MICHAEL PENN / THE JUNEAU EMPIRE
``It's like a red carpet. It will be a wall hanging,'' she said ``The dog actually did a little embossing with her paw.''
Gregovich, 30, works as a librarian's assistant at the Juneau Public Library and as a programmer for KTOO-FM. She said both her employers save colored scrap paper for her to use as raw material. She taught a papermaking class last month through community schools.
``Paper is really easy - all you really need to begin is junk mail and a kitchen blender. It's exciting. Like pottery, you never really know how it comes out until it dries,'' she said.
She said she likes to make decorative paper to have around for art purposes, but she prefers to build things that are a little more unusual.
``One time I made a dress out of paper, with wood and paper, and trash from the streets of Philadelphia. The bodice was handmade paper and really thin wood sewn and glued together,'' she said.
Another creation was an 8- by 8-foot piece of handmade paper stitched together like a quilt.
Gregovich grew up in Juneau, and went to college in Portland, Ore., Santa Cruz, Calif., and Philadelphia before graduating from the University of Alaska Southeast with an arts emphasis.
She also uses native plants to make paper, including yarrow, Japanese knotweed, seaweed, beach grass and iris leaves.
``Ferns make nice paper and so does fireweed. I made some cattail paper once,'' she said. ``You have boil it a long time with lye and beat it, not with a blender, but by hand.''
She said it's much easier to incorporate some paper pulp or other fibers as a matrix.
Buggs' approach is opposite in many ways to Gregovich's. He doesn't make paper, but uses paper as his raw material. Using brown paper bags and chipboard, the soft, heavy card-like paper used in packaging, he builds rigid and durable masks that look as if they were carved from wood.
``I've always been in love with masks. I tried to figure out a better way of doing it than the way I was taught in junior high,'' he said.
Buggs, 65, studied arts education at Howard University in Washington, D.C. While he was there, an art instructor assigned a final project with the caveat that the materials couldn't cost more than $10.

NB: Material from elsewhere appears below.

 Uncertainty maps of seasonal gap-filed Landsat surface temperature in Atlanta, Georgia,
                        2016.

``I had a part-time job in a mailroom, and I started fooling around with chipboard, and bells started going off in my head,'' he said.
Buggs makes a cardboard frame that looks something like a catcher's mask, then builds up layers using strips of paper and Elmer's glue. He sometimes uses wire to build horns, or adds hair. The masks are then painted.

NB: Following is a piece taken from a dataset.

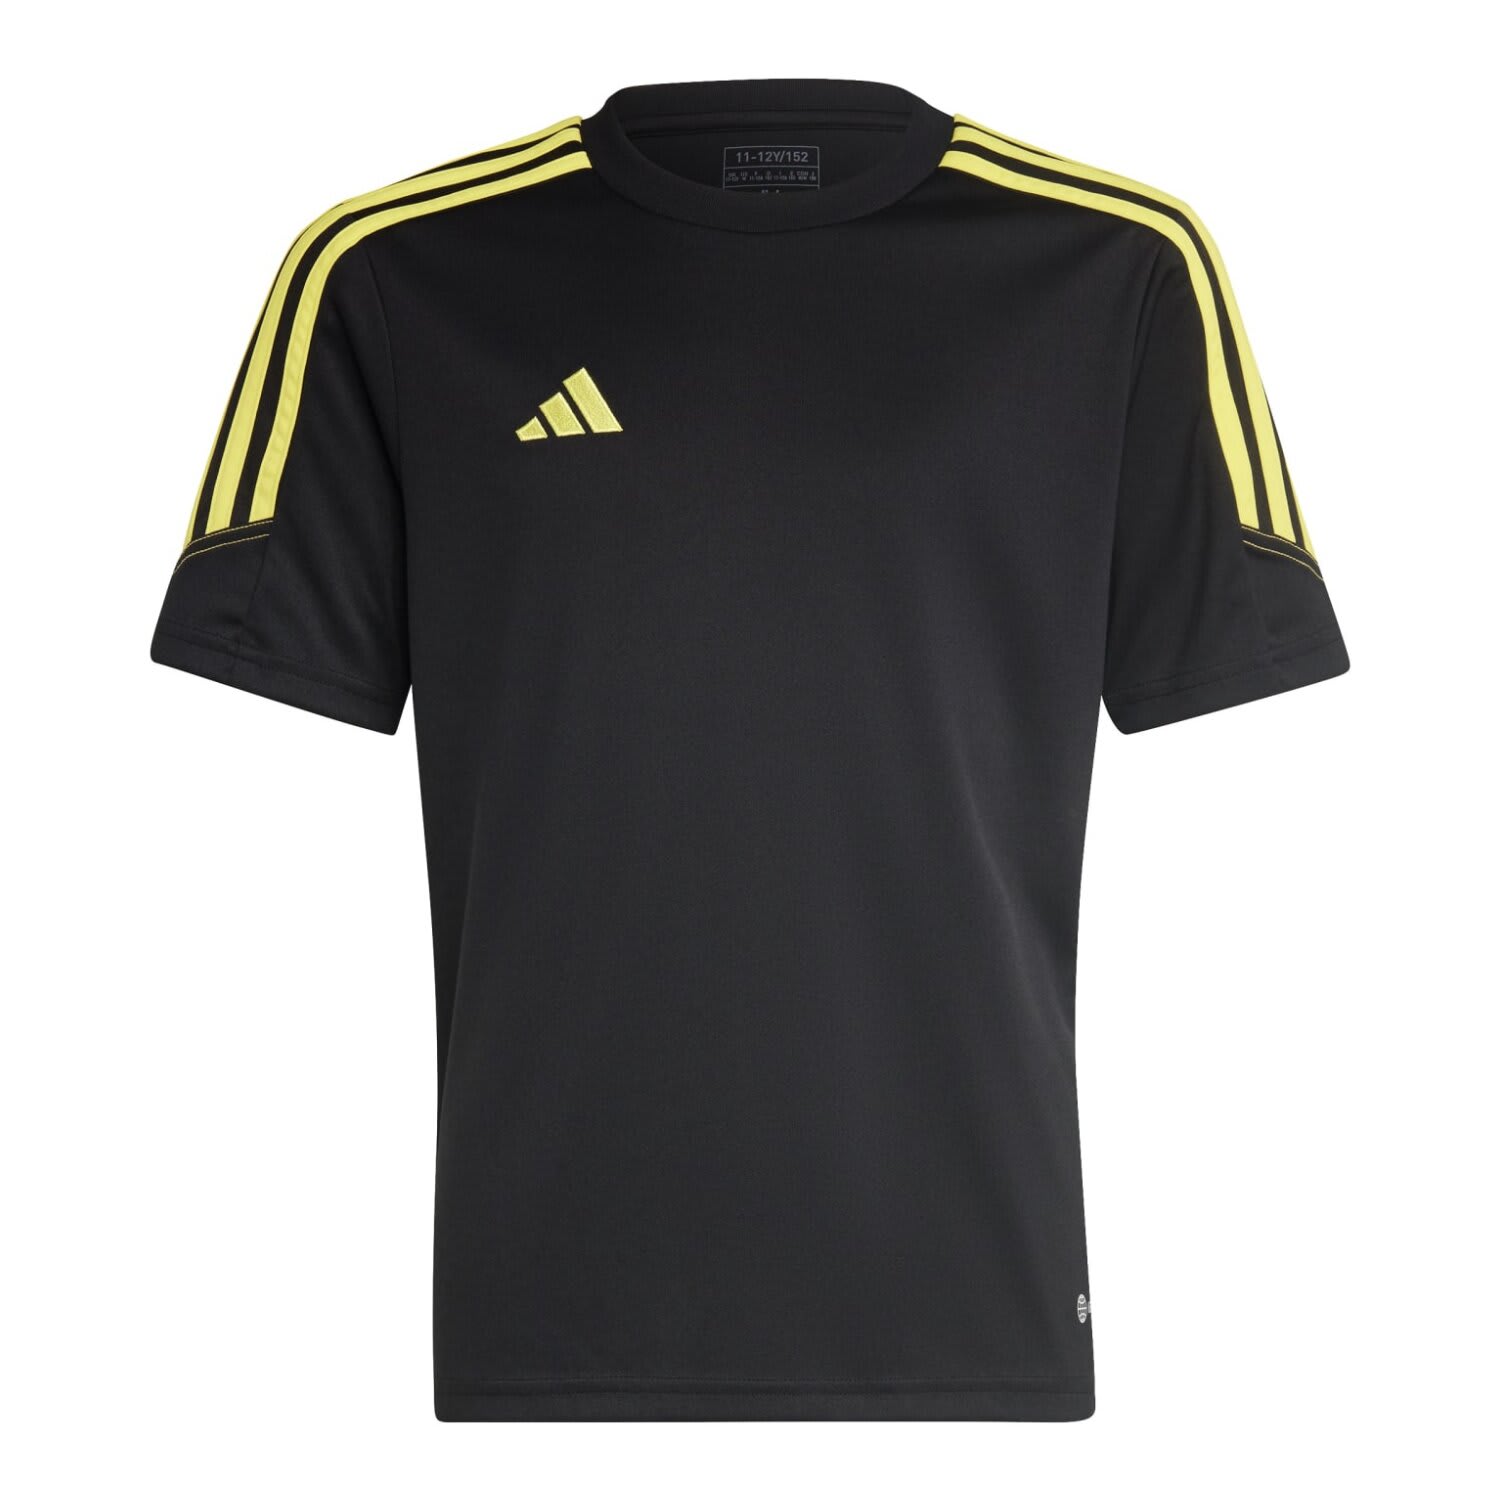 Adidas Youth Tiro Jersey | by adidas | Price: R 299,9 | PLU 1164554 ...

He exhibited eight masks last October in a show with artist Patti Baumgartner at the arts council gallery, and hopes to have another one this year. His work will be in the display cases at the downtown library during April.
Buggs grew up in East Chicago, Ind. He taught art for five years at a junior high school in Washington, D.C., before he was offered a job as the assistant to the director of Capital Children's Museum in Washington, D.C.
Children have also been a big inspiration, he said.
``I've gotten a lot of ideas watching kids work,'' he said. ``They come up with unique solutions to problems that no adult would come up with.''
Buggs came to visit a friend in Anchorage in 1987 and fell in love with Alaska. He said he preferred a smaller town like Juneau over Anchorage, and moved to the capital city in 1989. He began working with Juneau Mental Health, a job he held until his recent retirement.
``I haven't left Alaska since I came. My friends were taking bets on how long I'd last, and they all lost,'' he said.
One of his first Alaska projects was a 6-foot-tall totem pole made from brown paper, cardboard and half of a Sonotube - a cardboard form used to make concrete columns.
Buggs' booklet, ``The Art of the Paper Mask,'' is available at most Juneau bookstores and arts and crafts stores.